Therefore, it would have been prima facie obvious to one of ordinary skill in the art before the effective filing date of the claimed invention to have incorporated the neuron pruning to the method of Claes in view of Guo et al. further in view of Dusonchet et al. because Claes discloses training of a deep learning neural network using morphological features (page 17, line 29; page 29, line 18), and Hu et al. is directed to improving the efficiency of deep learning models (Abstract).

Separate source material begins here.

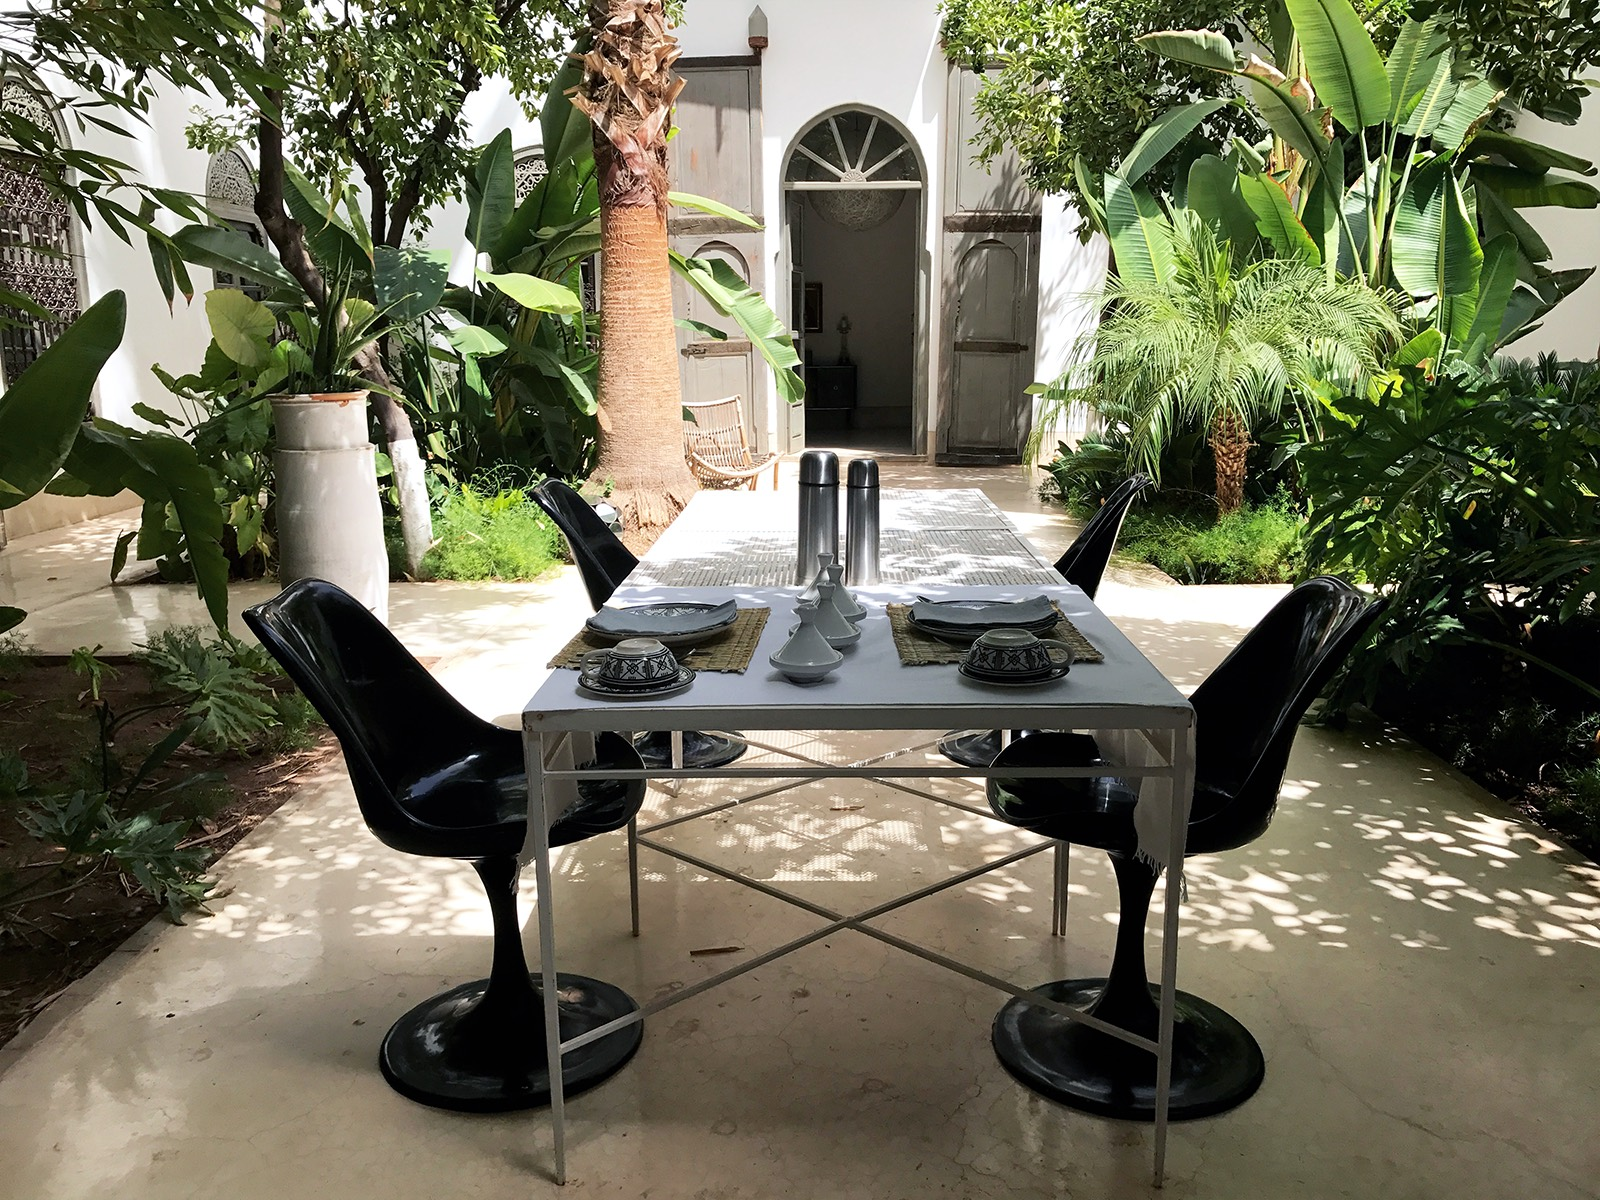 Marrakesh-Riad-Be-Mena-courtyard-breakfast.jpg

Thus, one of ordinary skill in the art would have had a reasonable expectation of success of pruning unimportant neurons in a deep learning neural network model trained on morphological features and would be motivated to do so in order to make the model more efficient.

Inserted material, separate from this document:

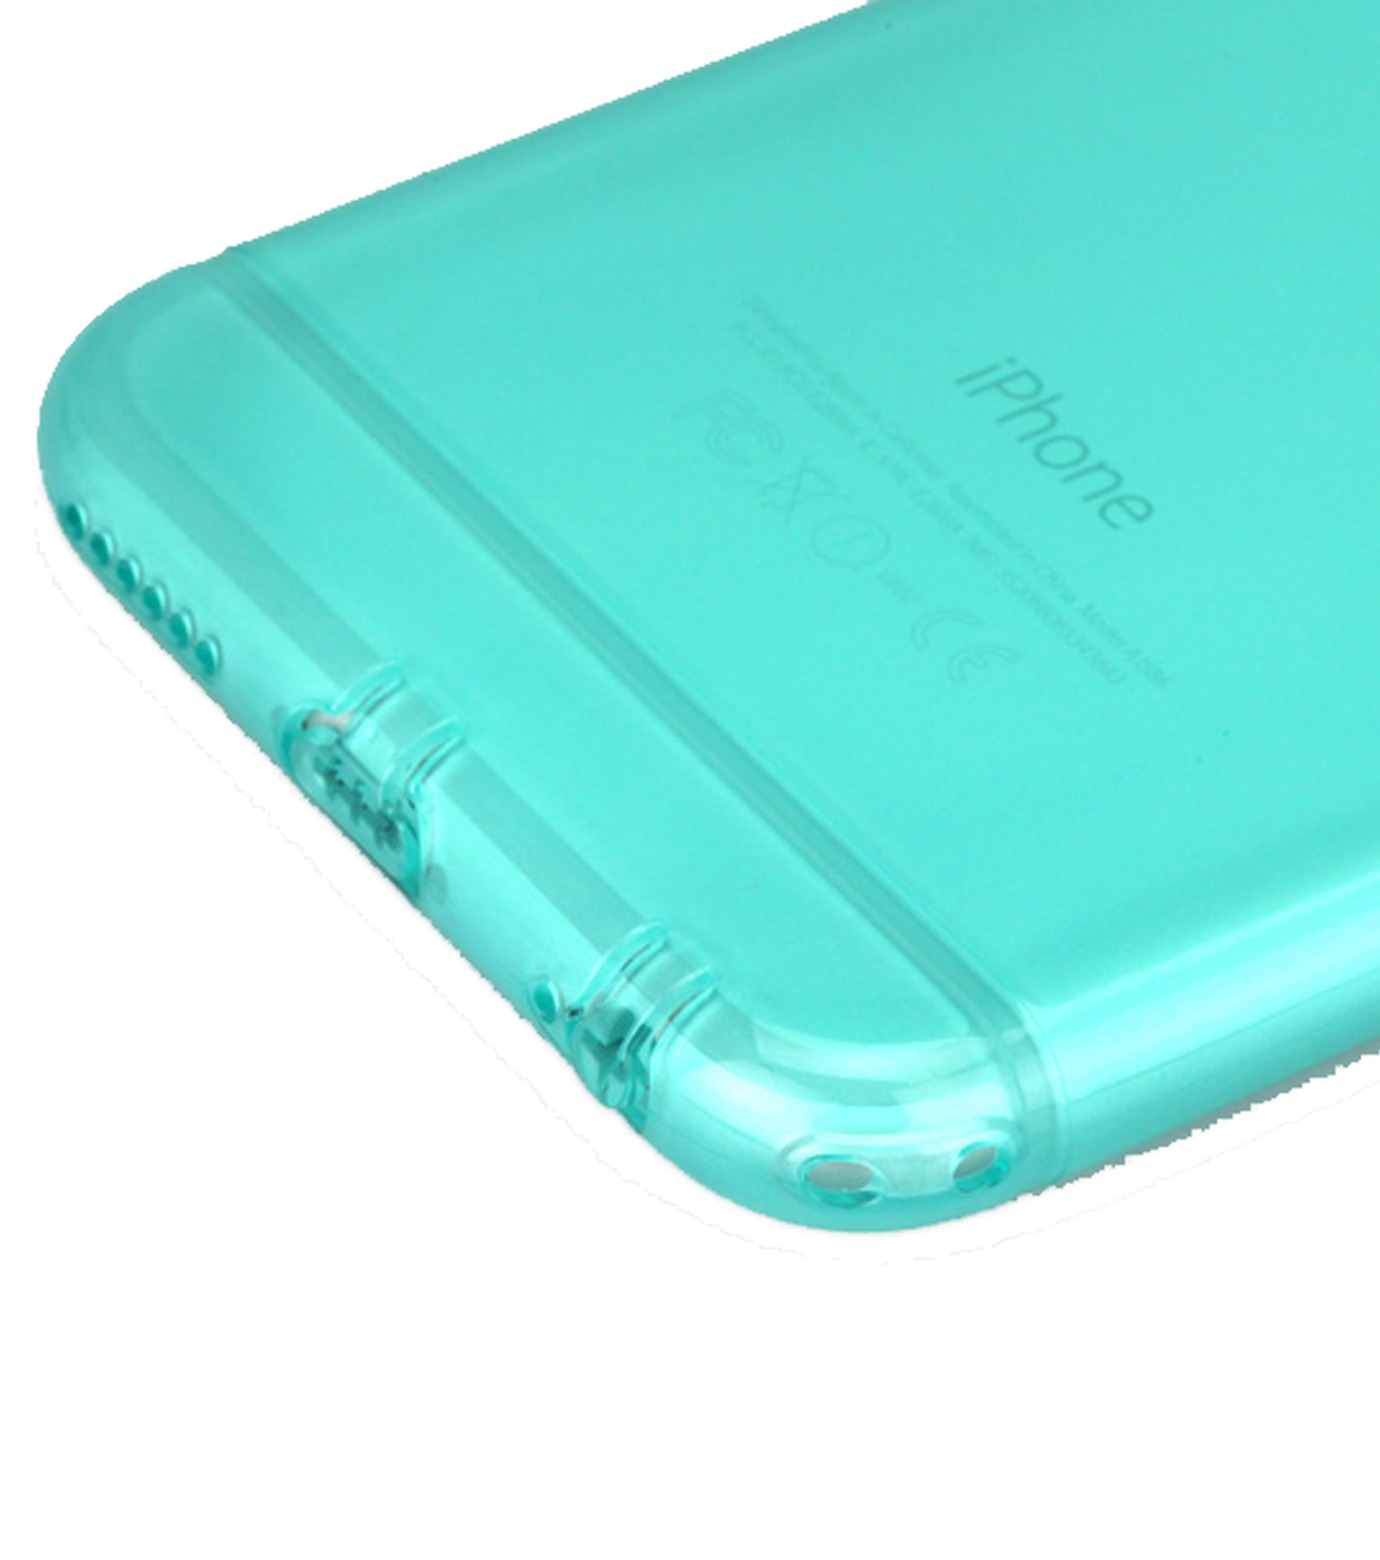 Tunewear(チューンウエア)のsoftshell 6/6s-NONE(ケースiphone6/6s/case iphone6/6s)-TUN-PH-0398-0 拡大詳細画像4

Regarding claims 2 and 9, the claims are directed to the perturbation subspaces comprising viable genetic modifications that lead to viable phenotypes. Claes teaches the method of claim 1 and the computer program product of claim 8 in view of Guo et al., further in view of Dusonchet et al., and further in view of Hu et al. Claes also teaches ordinating the phenotype space to follow genetically and/or environmentally meaningful directions (page 6, line 32).
Regarding claims 3 and 10, the claims are directed to the perturbation subspaces exclude unviable genetic modifications that least to non-viable phenotypes. Claes teaches the method of claim 1 and the computer program product of claim 8 in view of Guo et al., further in view of Dusonchet et al., and further in view of Hu et al. Claes also teaches ordinating the phenotype space to follow genetically and/or environmentally meaningful directions (page 6, line 32), which thus excludes modifications that lead to non-viable phenotypes.

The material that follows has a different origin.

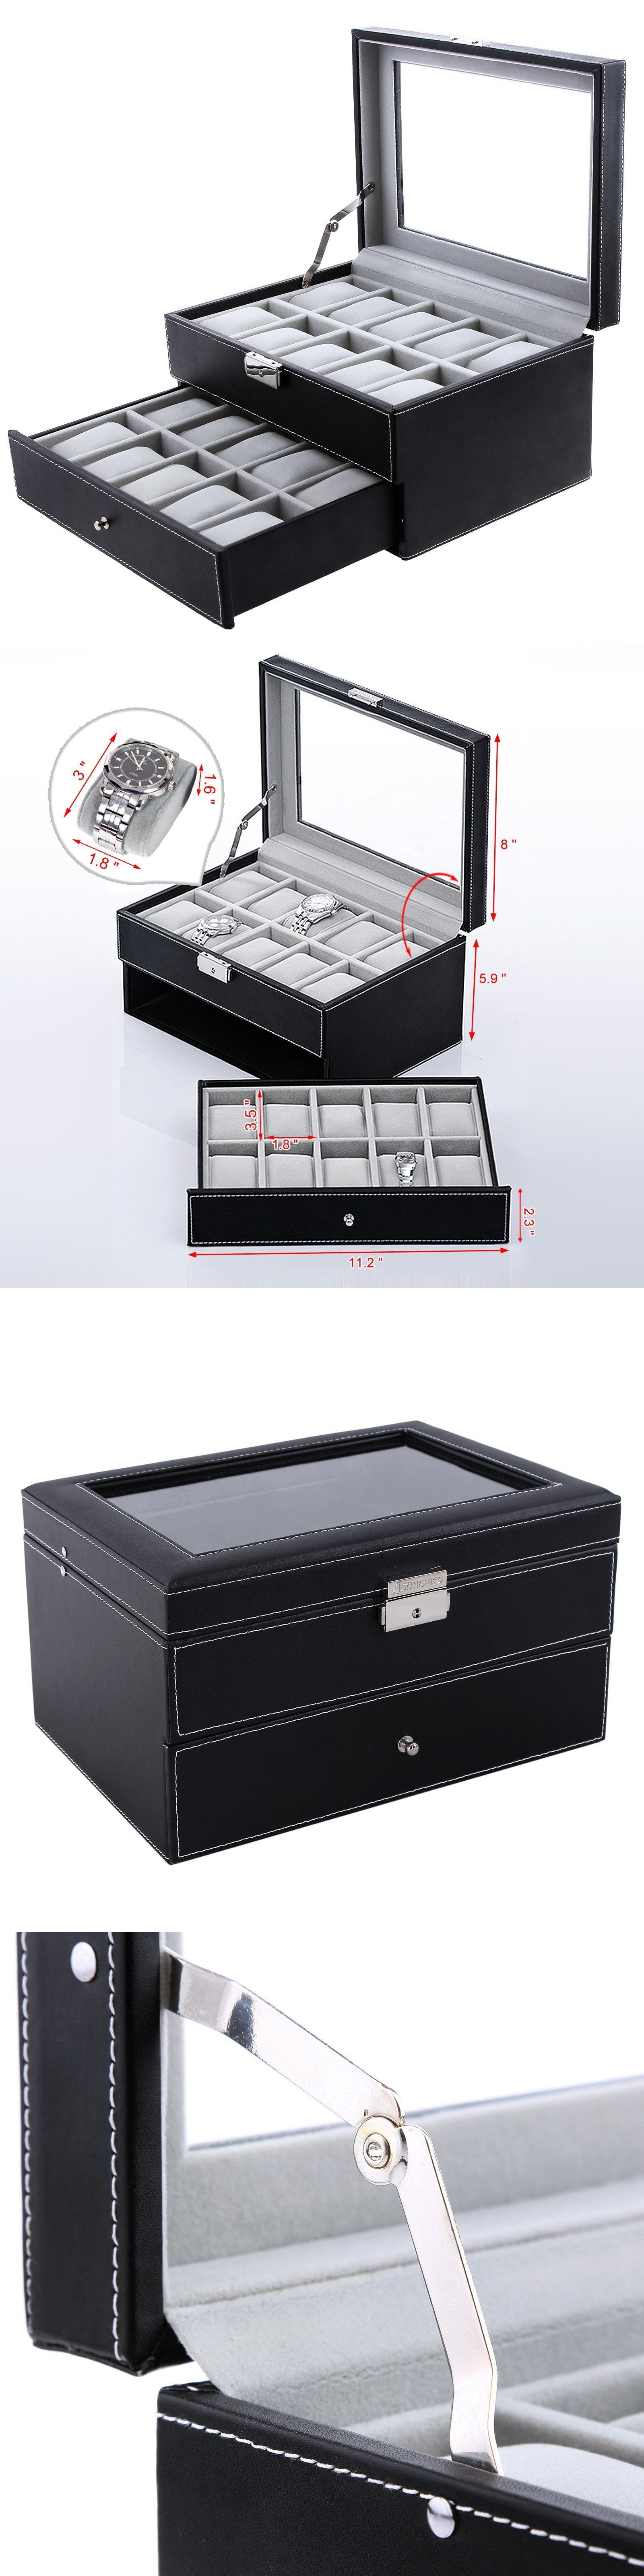 watch 168164 songmics 20 mens watch box case glass top black watch 168164 songmics 20 mens watch box case glass top black display organizer lockable ujwb0

Regarding claims 4 and 11, the claims are directed to the perturbation subspaces comprising viable phenotypes for a synthetic biology application and/or product. Claes teaches the method of claim 1 and the computer program product of claim 8 in view of Guo et al., further in view of Dusonchet et al., and further in view of Hu et al. Claes also teaches that the embedding of the phenotype in the phenotype-space allows for the generation of new, synthetic phenotypes (page 6, line 30).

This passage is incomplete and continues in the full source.